→ Required action: Return every line of the data below exactly, but do not include the images.

━━━ Information shown ━━━

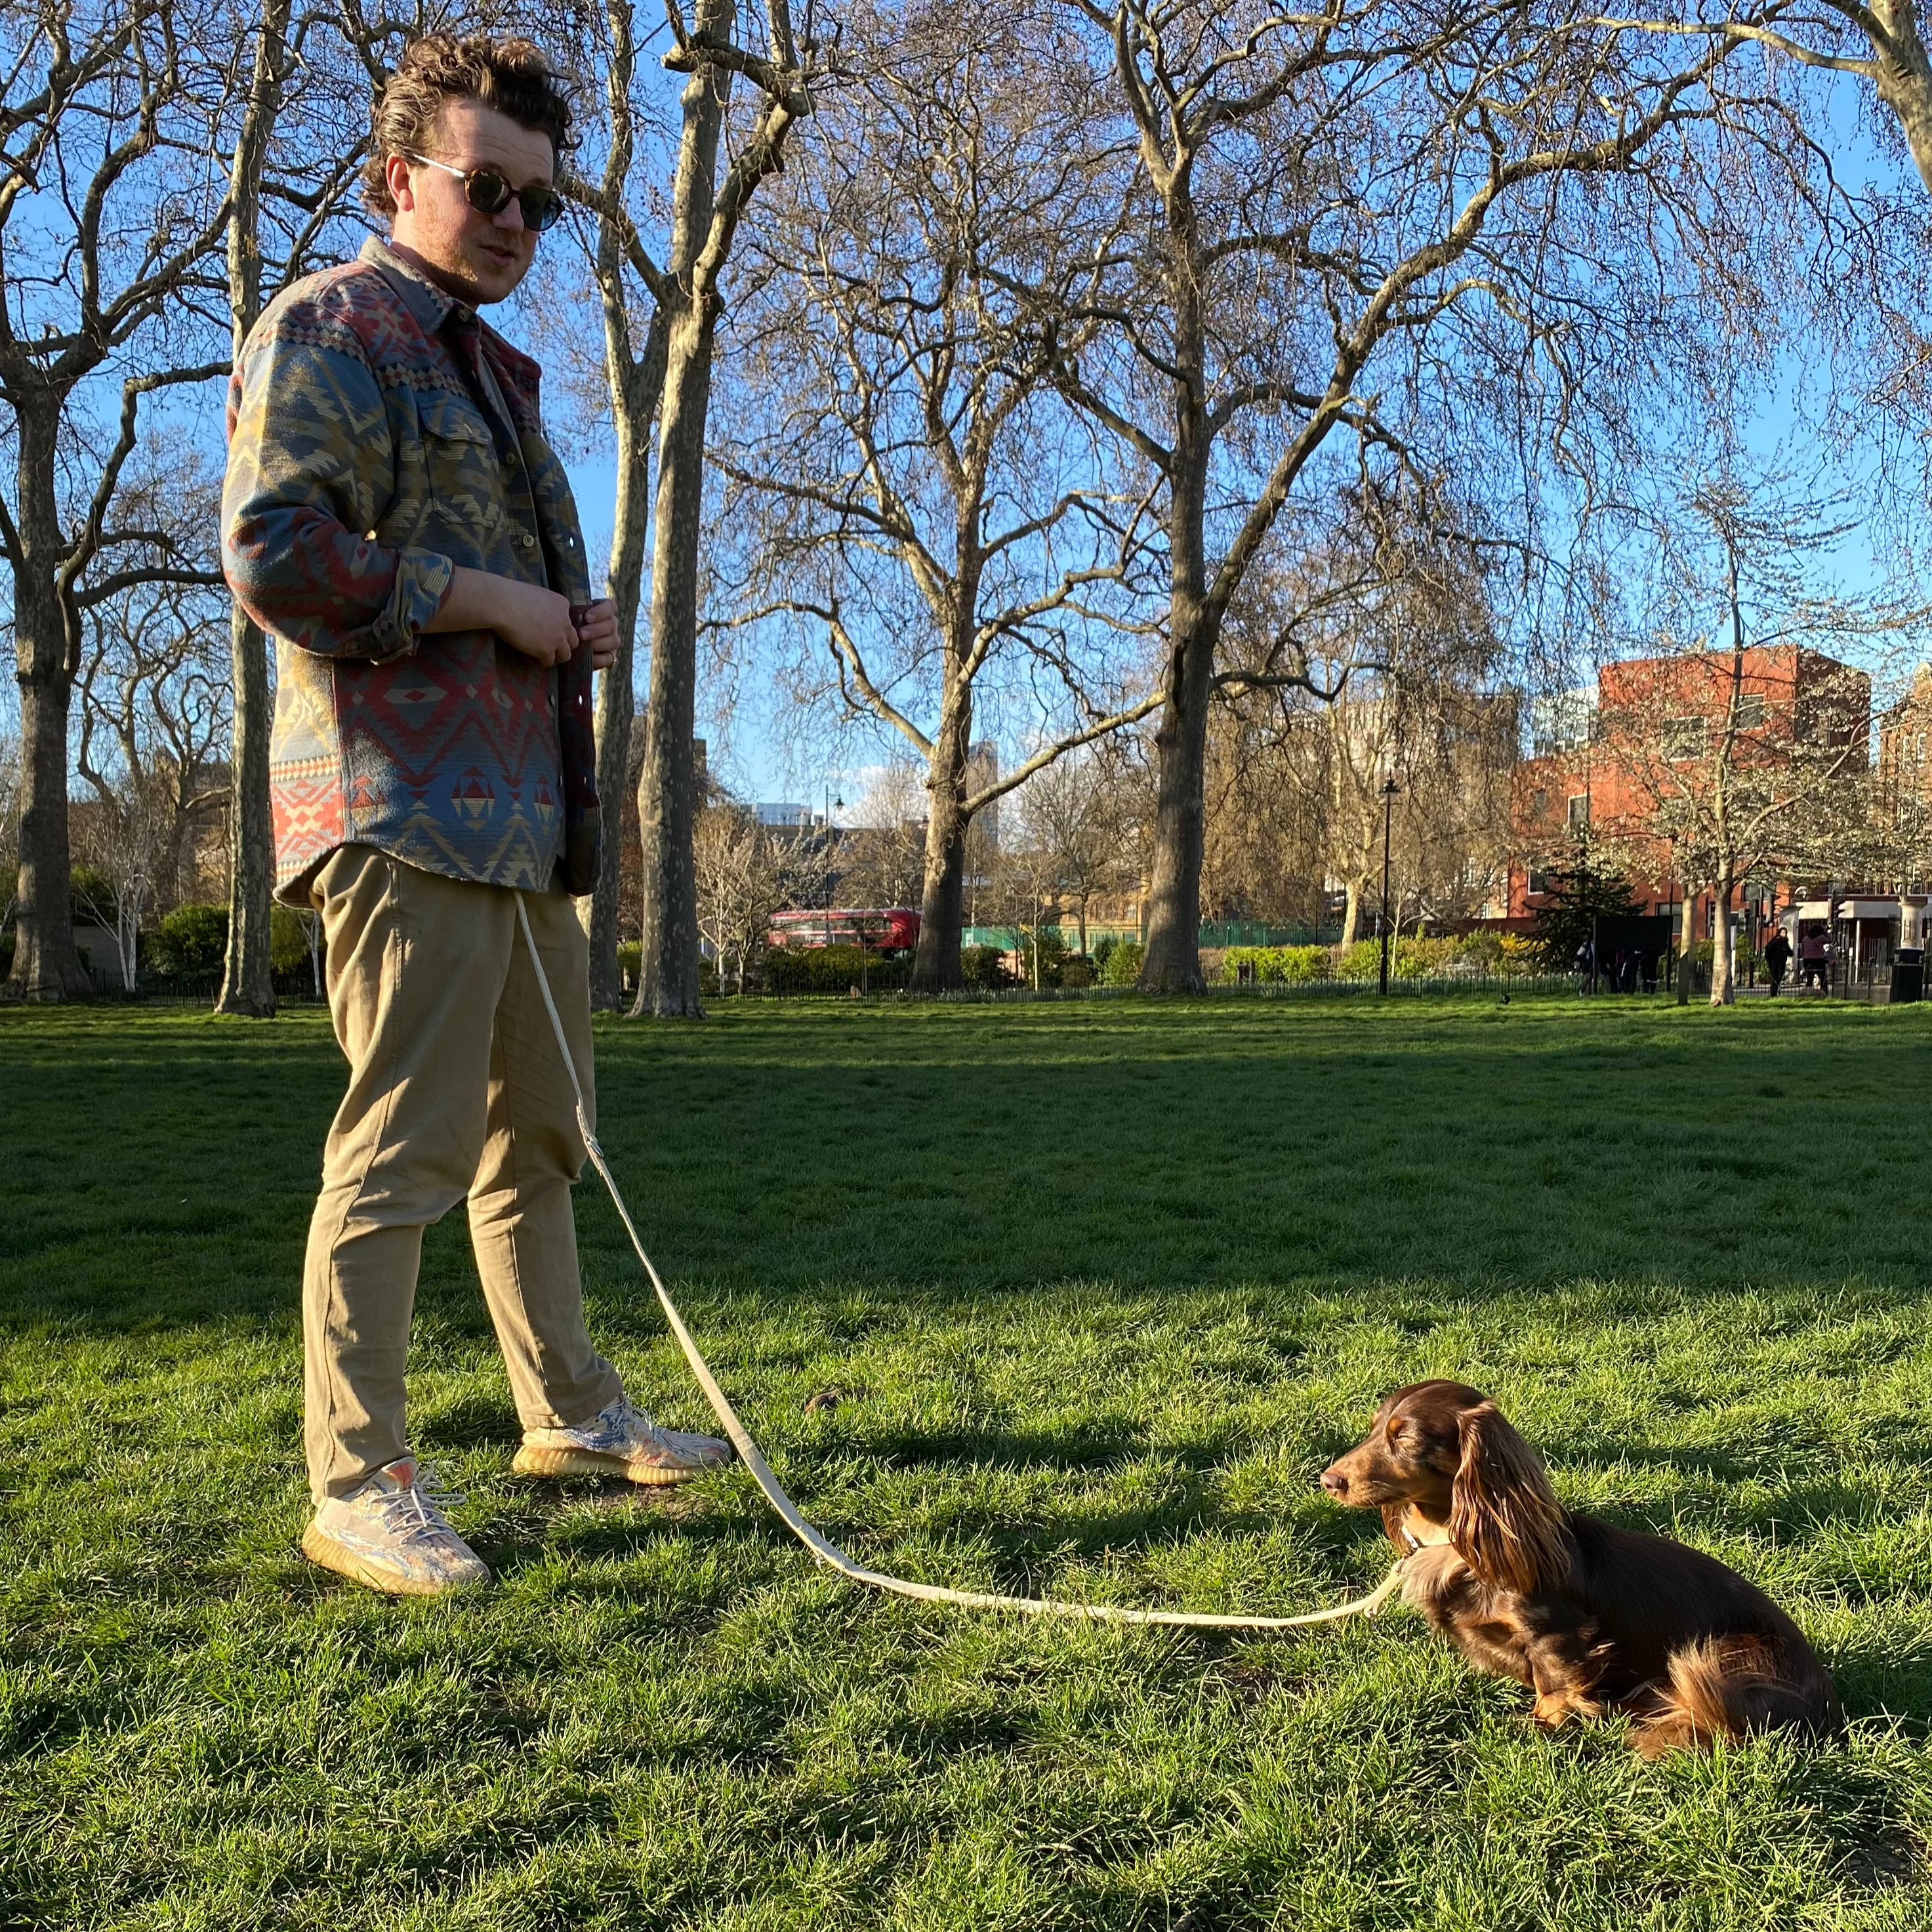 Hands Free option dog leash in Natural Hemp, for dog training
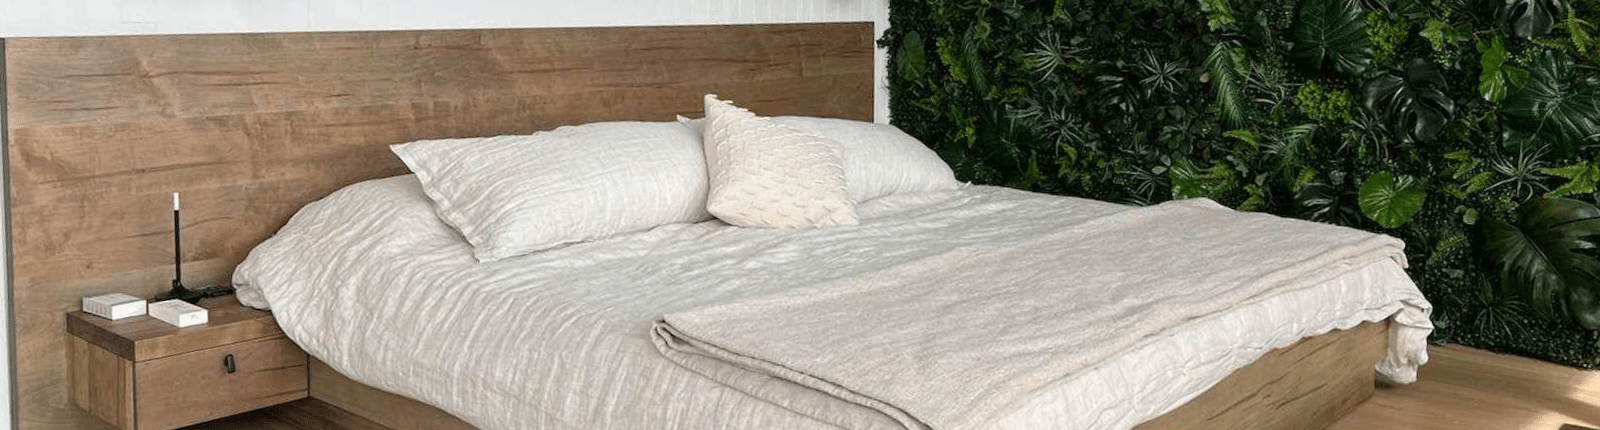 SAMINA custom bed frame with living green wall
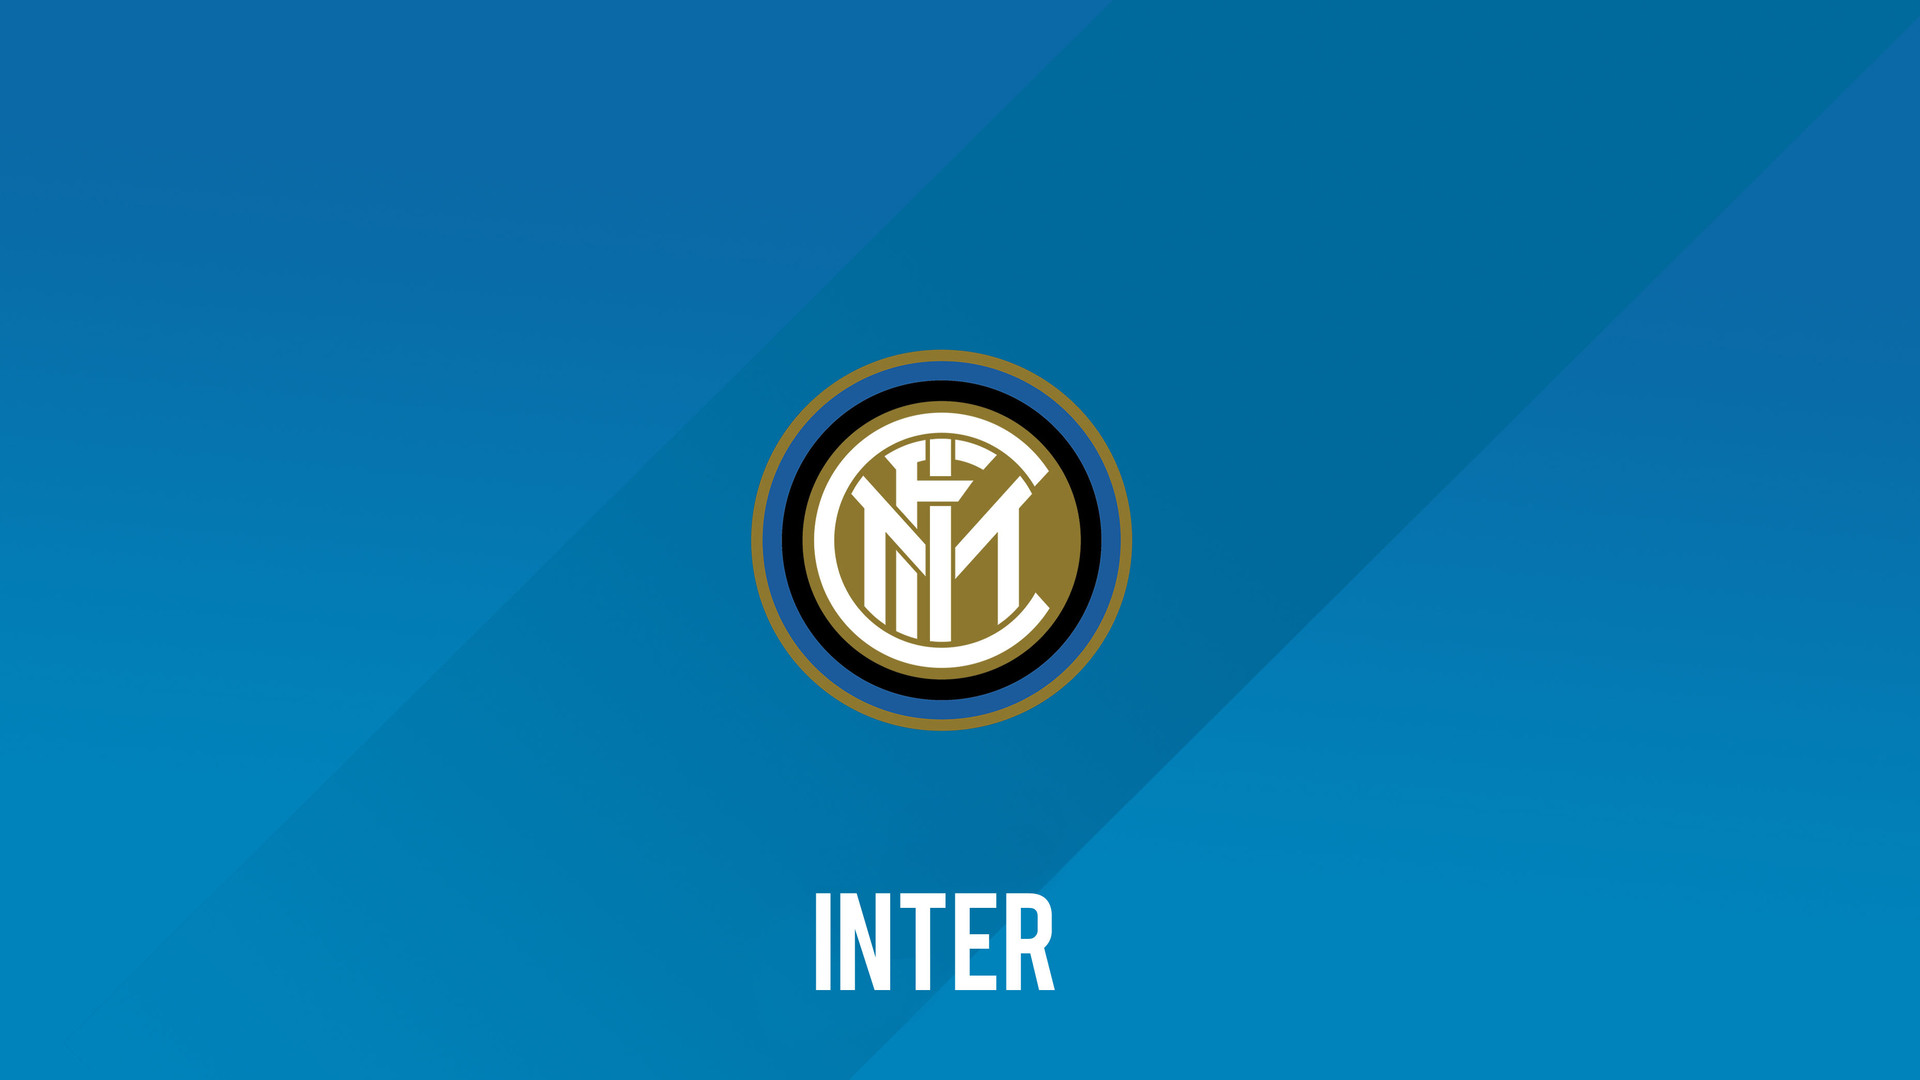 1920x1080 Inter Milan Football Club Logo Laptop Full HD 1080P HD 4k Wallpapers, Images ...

━━━

→ Exercise output:
 Hands Free option dog leash in Natural Hemp, for dog training
 SAMINA custom bed frame with living green wall
 1920x1080 Inter Milan Football Club Logo Laptop Full HD 1080P HD 4k Wallpapers, Images ...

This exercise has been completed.